Missing the playoffs is (probably) not enough

Isn’t it enough for fans to endure a fun season doomed to end without a postseason appearance? Not if they really want more, deeper postseason appearances ahead.

@XavSports Etsy

While the smoothed lottery odds do mean that teams not at the very bottom of the standings have a better chance to leap to the top (see: New Orleans, Memphis, and Los Angeles vaulting into the top-four this year), it also means the bubble lottery teams who don’t ascend are more likely to get jumped. The ping pong balls converted top-6 draft order finishes for Atlanta and Washington into the 8th and 9th pick, respectively, under the new lottery format.

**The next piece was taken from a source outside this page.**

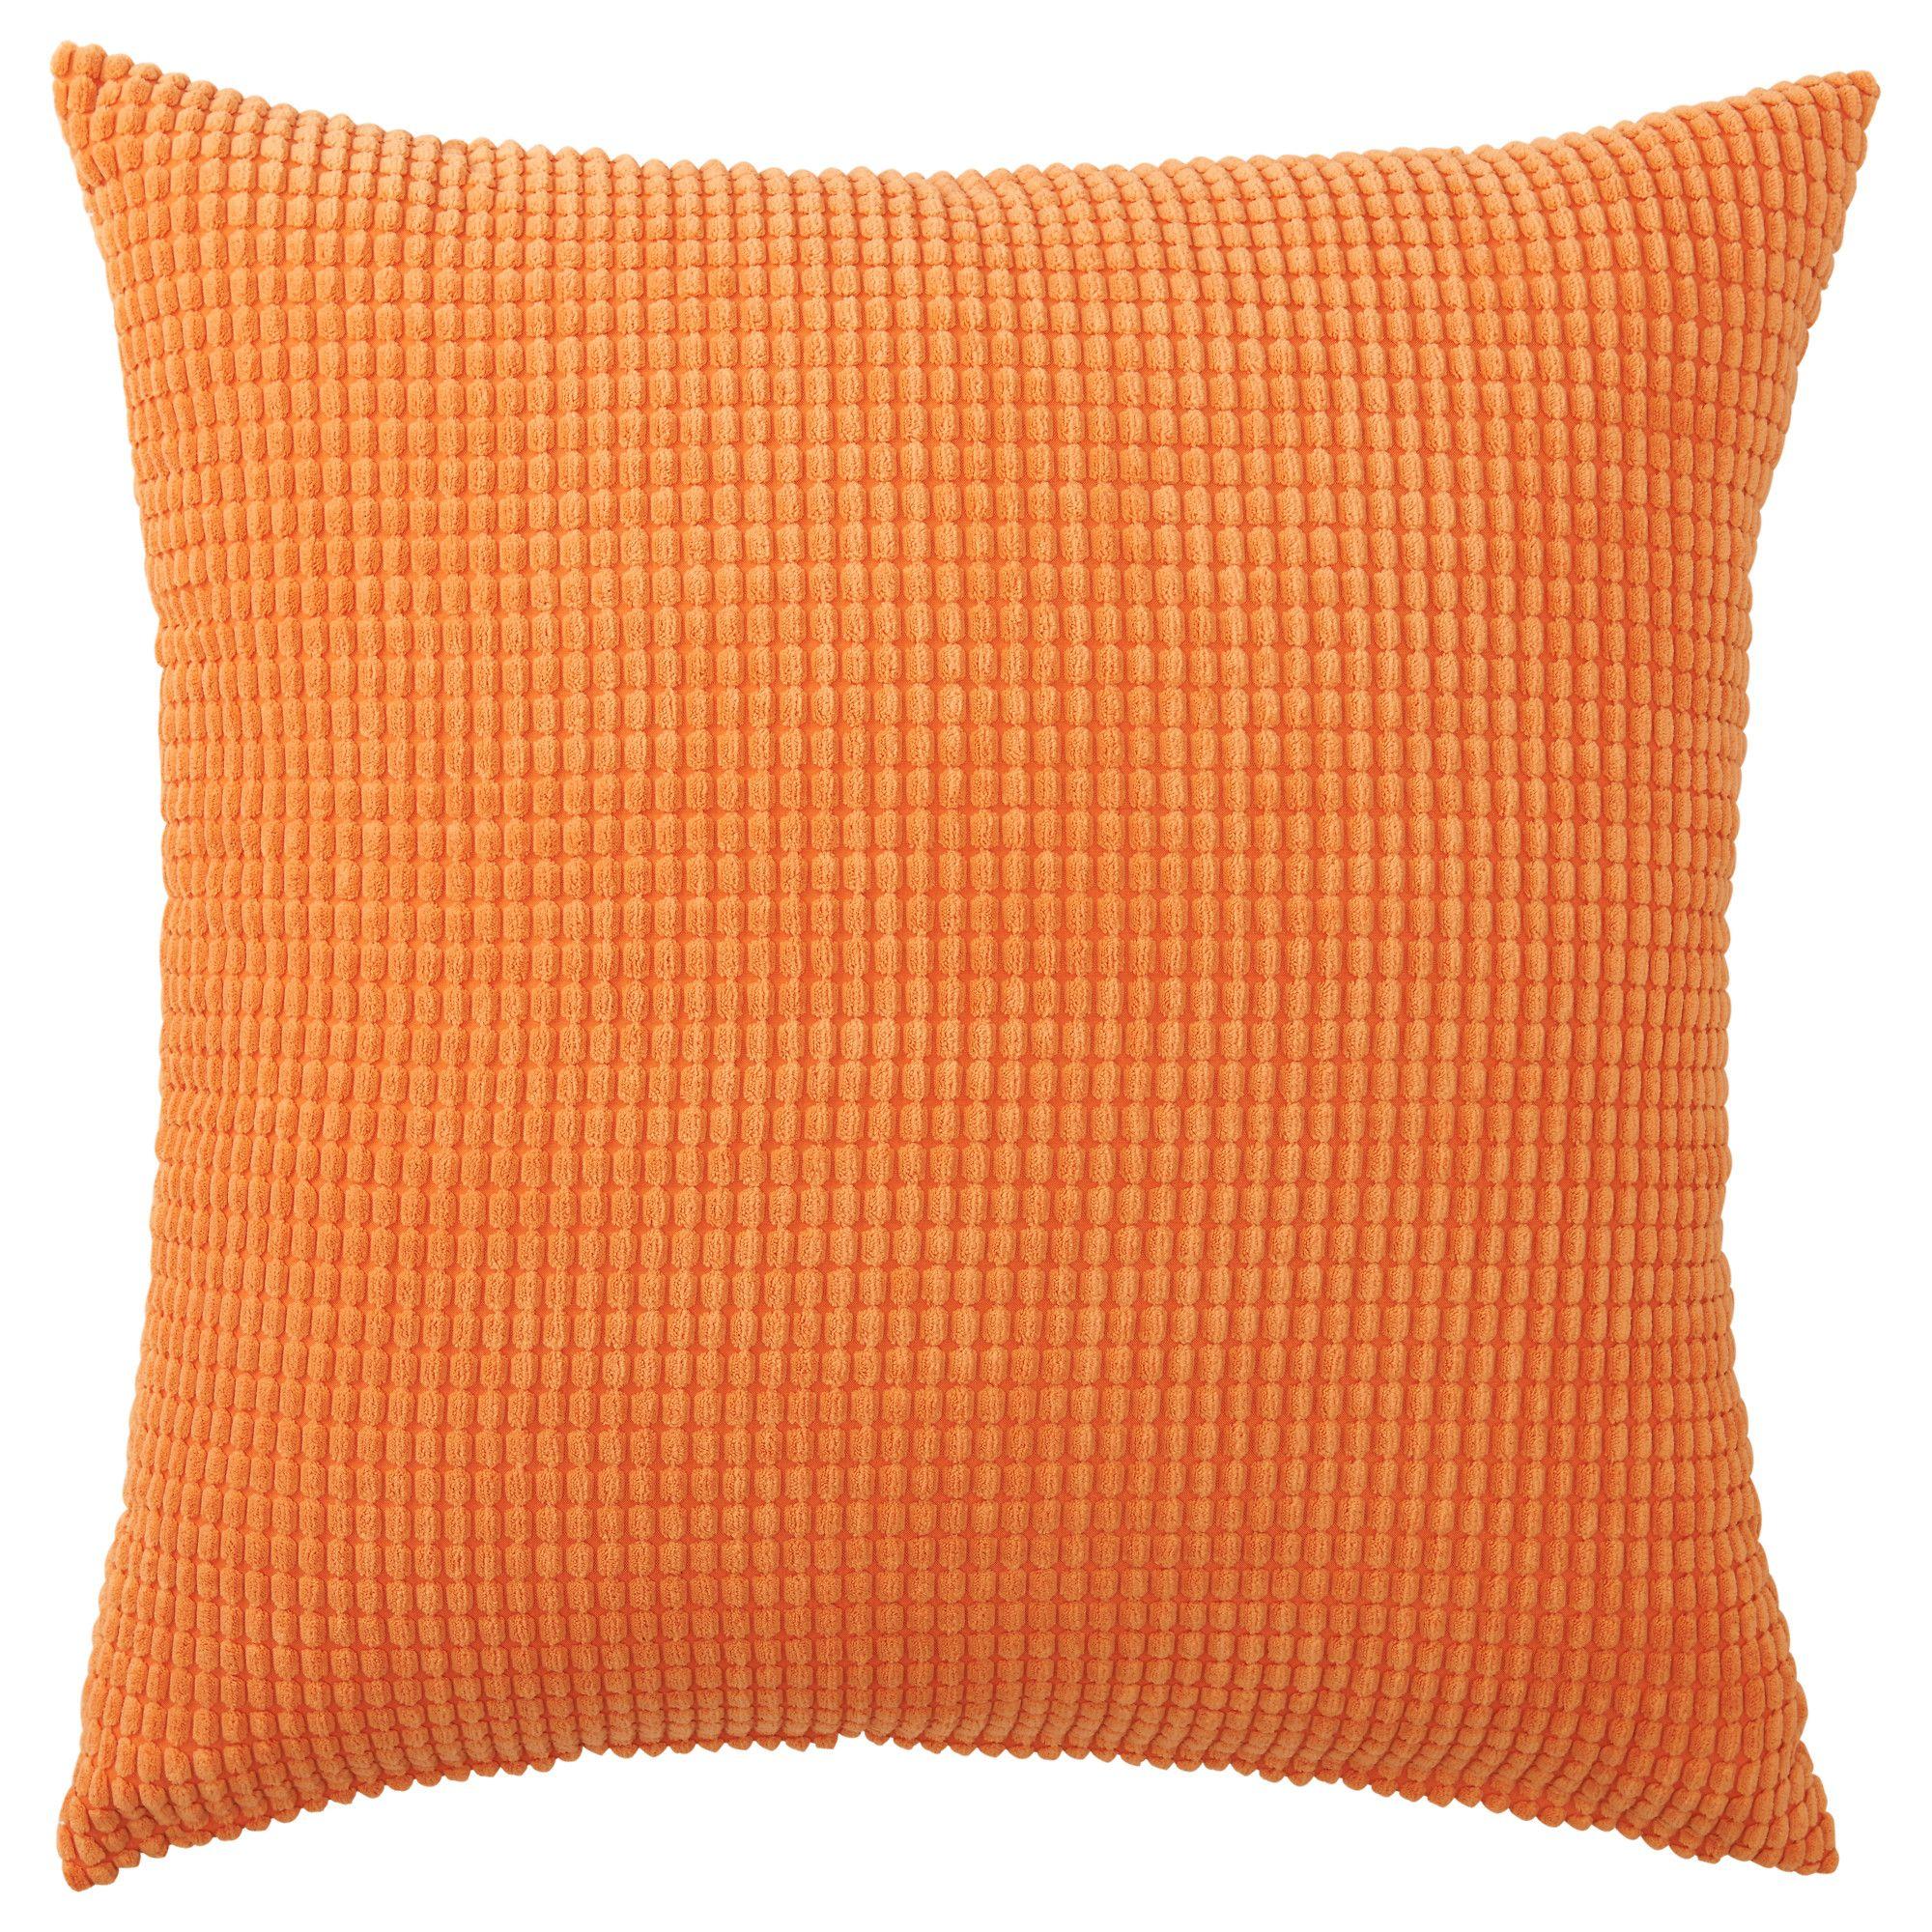 IKEA GULLKLOCKA Cushion cover Chenille fabric feels ultra soft

The difference between picking at 5 and 8 can be the difference between getting a Hall of Famer like Kevin Garnett or Dwyane Wade and winding up with a dud like Shawn Respert or T.J. Ford.

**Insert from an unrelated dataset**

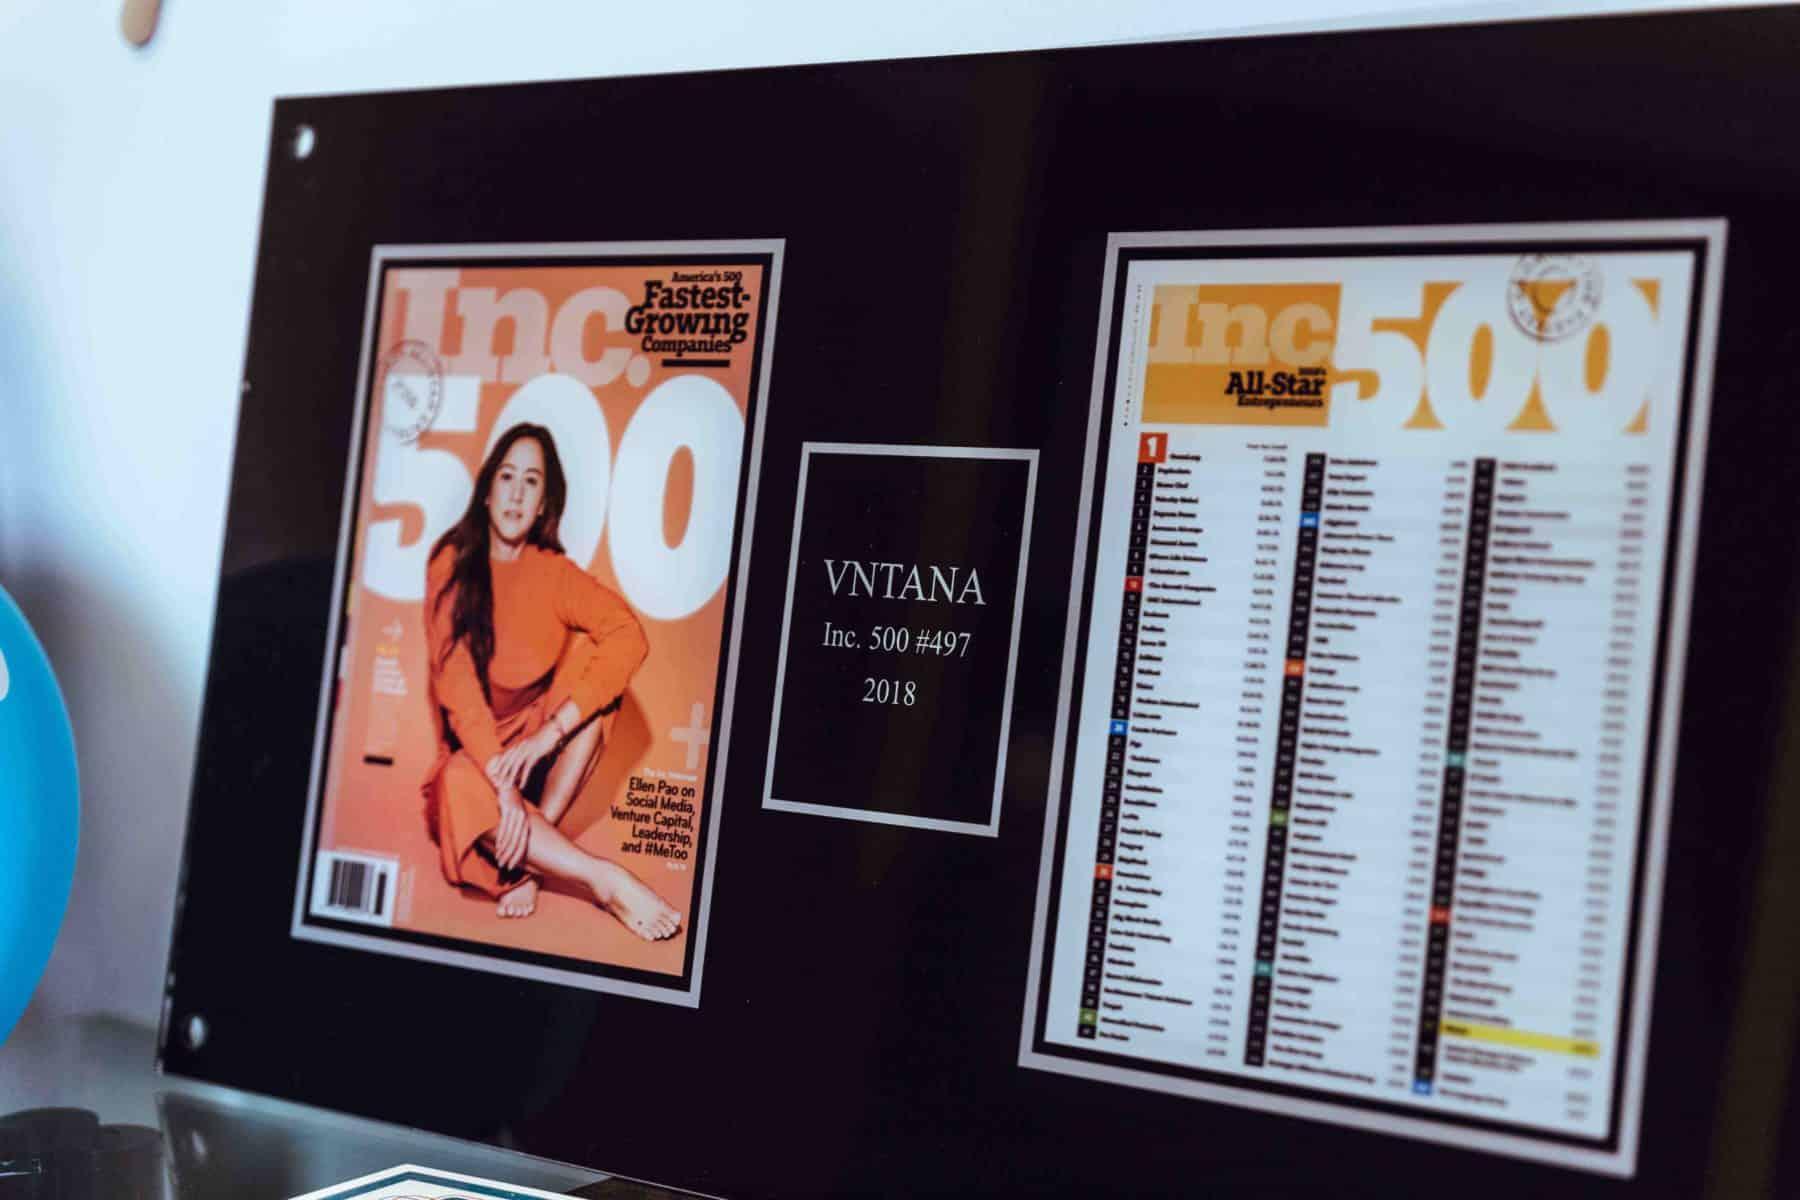 INC 500 vntana the future party 04

All of these specific examples of past draft selections are, like hindsight draft talk always is, mostly silly. But granting that the draft, even at the very top, can often be something of a crapshoot doesn’t devalue the highest slots one bit. Why? Because everyone wants them, and you have to pay to get them if the ping pongs don’t land in your favor. Moving into the top-5 is costly, and could still lead to a bust. Just drawing a good draft position, rather than paying a premium to reach for a player you believe in, gives you more shots at a Hall of Famer by default.

The race is already on

A little sleep, a little slumber, a few declined DNPs, a little “Wait, the other team is letting their players coach the game?” and the Thunder could lose a significant amount of ground to other teams in the hunt for a better pick. They have doubled the wins of three franchises so far this season. They are 6 games better than the Warriors and 4.5 games better than the Pelicans, both of whom have more premium talent to slot a top pick next to next season, should they snatch it.

As December 15 approaches, and the lifted trade restrictions around so many signed players with it, Thunder fans should be feeling greedy. Not for more plucky wins, but for more picks, more flexibility, and yes, more losses to make this season as worthwhile to the team’s reset title path as possible.